Lisa91 said:I have one series [tex] \sum_{n=13}^{\infty}(-1)^{\left\lfloor\frac{n}{13}\right\rfloor} \frac{ \ln(n) }{n \ln(\ln(n)) } [/tex]. How to investigate its convergence?
Lisa91 said:I have one series [tex] \sum_{n=13}^{\infty}(-1)^{\left\lfloor\frac{n}{13}\right\rfloor} \frac{ \ln(n) }{n \ln(\ln(n)) } [/tex]. How to investigate its convergence? I wanted to group the terms of this series but I don't know whether it's a good idea as we have 13 terms with minus and then 13 with plus and so on. What do you think?

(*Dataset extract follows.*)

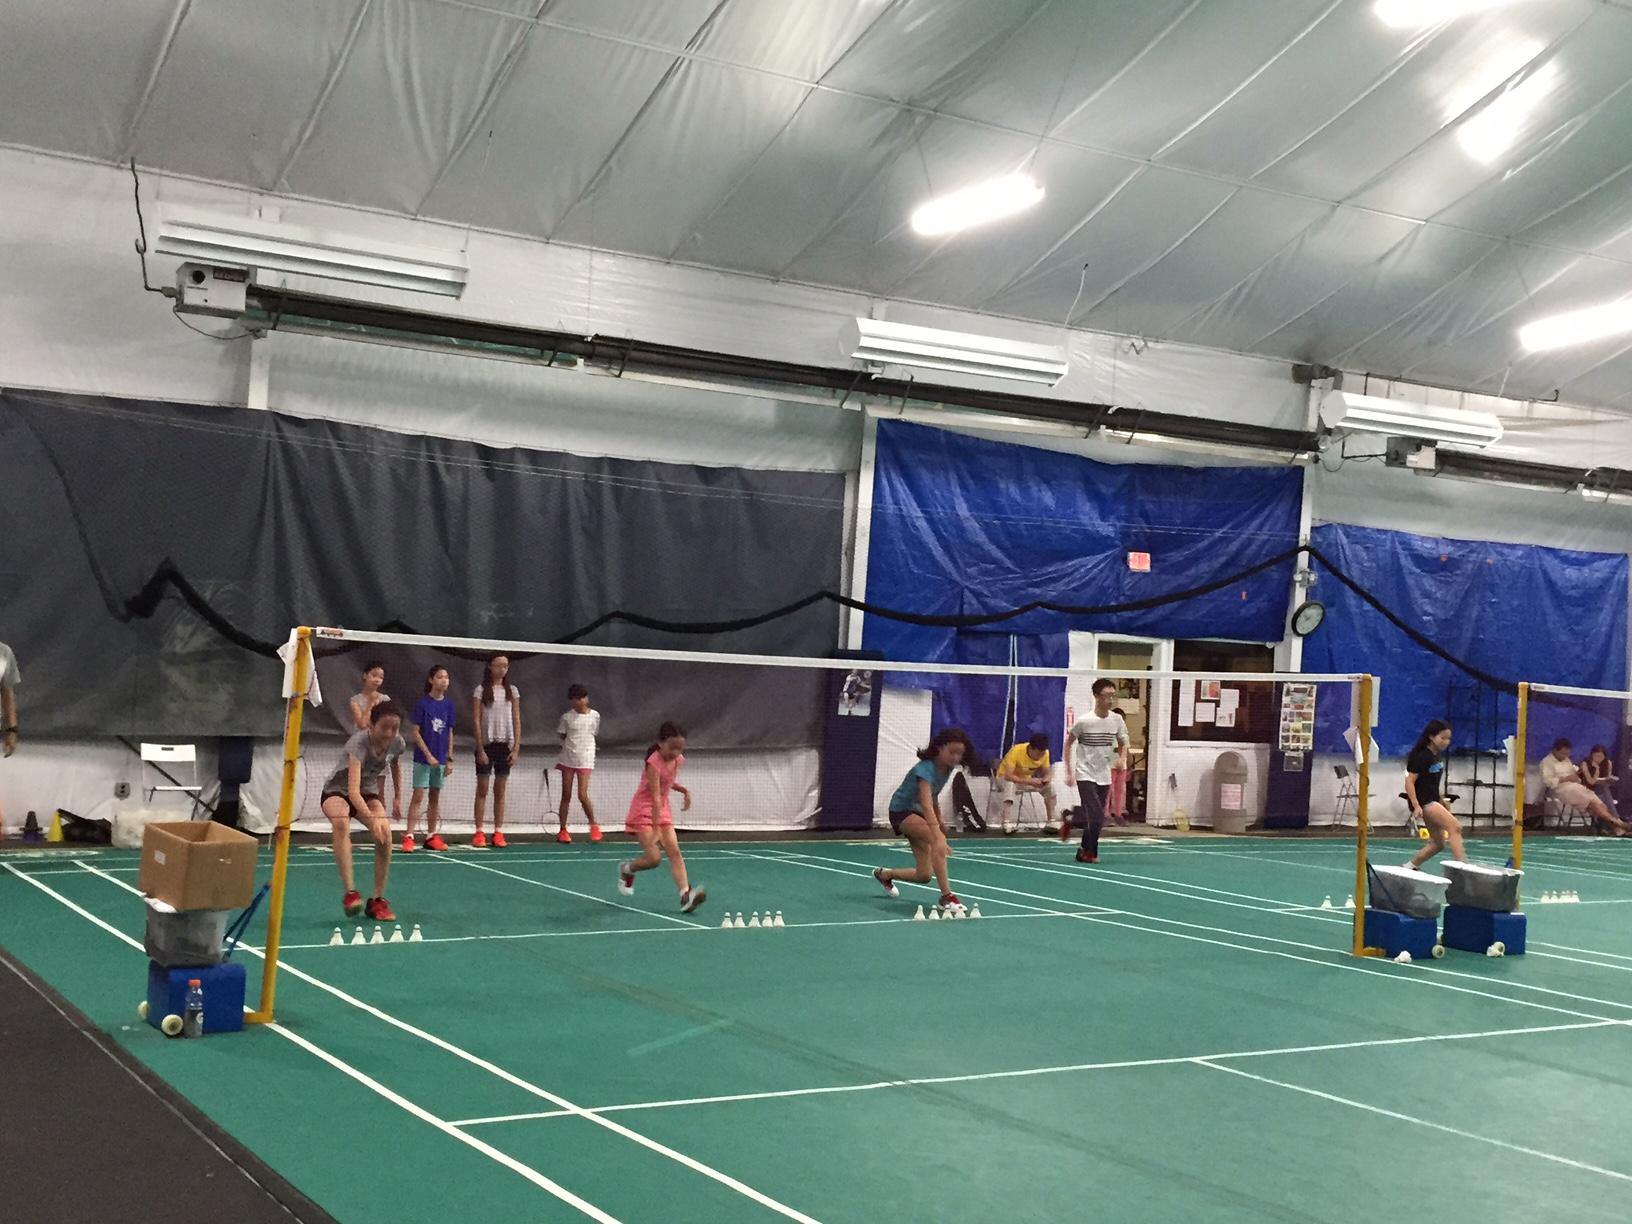 LISC Badminton Group Training

chisigma said:The series is the sum of 13 series and can be written as...
$\displaystyle \sum_{k=0}^{12} \sum_{j=0}^{\infty} (-1)^{j}\ \frac{\ln (13\ j + k)}{(13\ j + k)\ \ln \{\ln (13\ j + k)\}}$ (1)
Each of the inner series is 'alternating' and converges for the Leibnitz's criterion, so that the whole series converges...
Lisa91 said:I tried to do it this way but I don't know how to prove that it decreases and that the limit is zero. I tried estimating it RHS and LHS using [tex] \frac{t}{t+1}< \ln(t+1) < t [/tex] but in one case I've got -1...
[tex] (-1)^{j}\ \frac{\ln (13\ j + 1)}{(13\ j + 1)\ \ln \{\ln (13\ j + 1)\}} [/tex].
chisigma said:We pratically can consider the term $\ln \{\ln (13\ j + k)\}$ as a constant term [it is very slowly changing with j...] and can analyse the term...
$\displaystyle \frac{\ln (13\ j + k)}{13\ j + k}$ (1)
Any doubt about the fact that, at least for j 'large enough', it is decreasing with j and that its limit is 0?...
Kind regards
$\chi$ $\sigma$
Lisa91 said:Thank you! I don't have any doubts about the fact that the limit of this guy is zero [tex] \frac{\ln (13\ j + k)}{13\ j + k} [/tex].
Do you think the explanation 'we may consider it as a constant term' is good for the exam? I think I feel what you mean. Indeed, it increases very slowly but still I am looking for something more formal.
Thank you so much! It's so beautiful!ILikeSerena said:Sorry, I have lost you in your argument.
But did you consider that for [TEX]n \ge 3[/TEX]:
[TEX]0 < {1 \over n \ln(\ln n)} < {\ln n \over n \ln(\ln n)} < {n \over n \ln(\ln n)} = {1 \over \ln(\ln n)} \to 0[/TEX]
The LHS and RHS both approach zero when [TEX]n \to \infty[/TEX].
Moreover they do so monotonously.
Series convergence with a floor is a mathematical concept that refers to the behavior of a series when the terms of the series are added together. The "floor" in this context refers to a specific value that the series is approaching. In other words, the series will converge towards this floor value as more terms are added.
The main difference between series convergence with a floor and regular series convergence is that in the former, the series is always approaching a specific value (the floor) while in the latter, the series may or may not approach a specific value. Additionally, series convergence with a floor may have a different rate of convergence compared to regular series convergence.
To determine if a series converges with a floor, you can use the limit comparison test or the direct comparison test. These tests involve comparing the given series to a known series with similar properties. If the limit or comparison is less than one, then the series converges with a floor. Additionally, you can also use the ratio test or the root test to check for convergence with a floor.
No, a series can only converge with a floor to a specific value. This is because the floor value is the limit towards which the series is approaching. If the series were to converge to any value, it would not have a specific limit and therefore would not be considered a series convergence with a floor.
Series convergence with a floor is commonly used in financial mathematics, specifically in the calculation of compound interest. It is also used in physics and engineering, particularly in the analysis of electrical circuits and the behavior of mechanical systems. Additionally, series convergence with a floor is used in computer science algorithms, such as in the calculation of logarithms and exponents.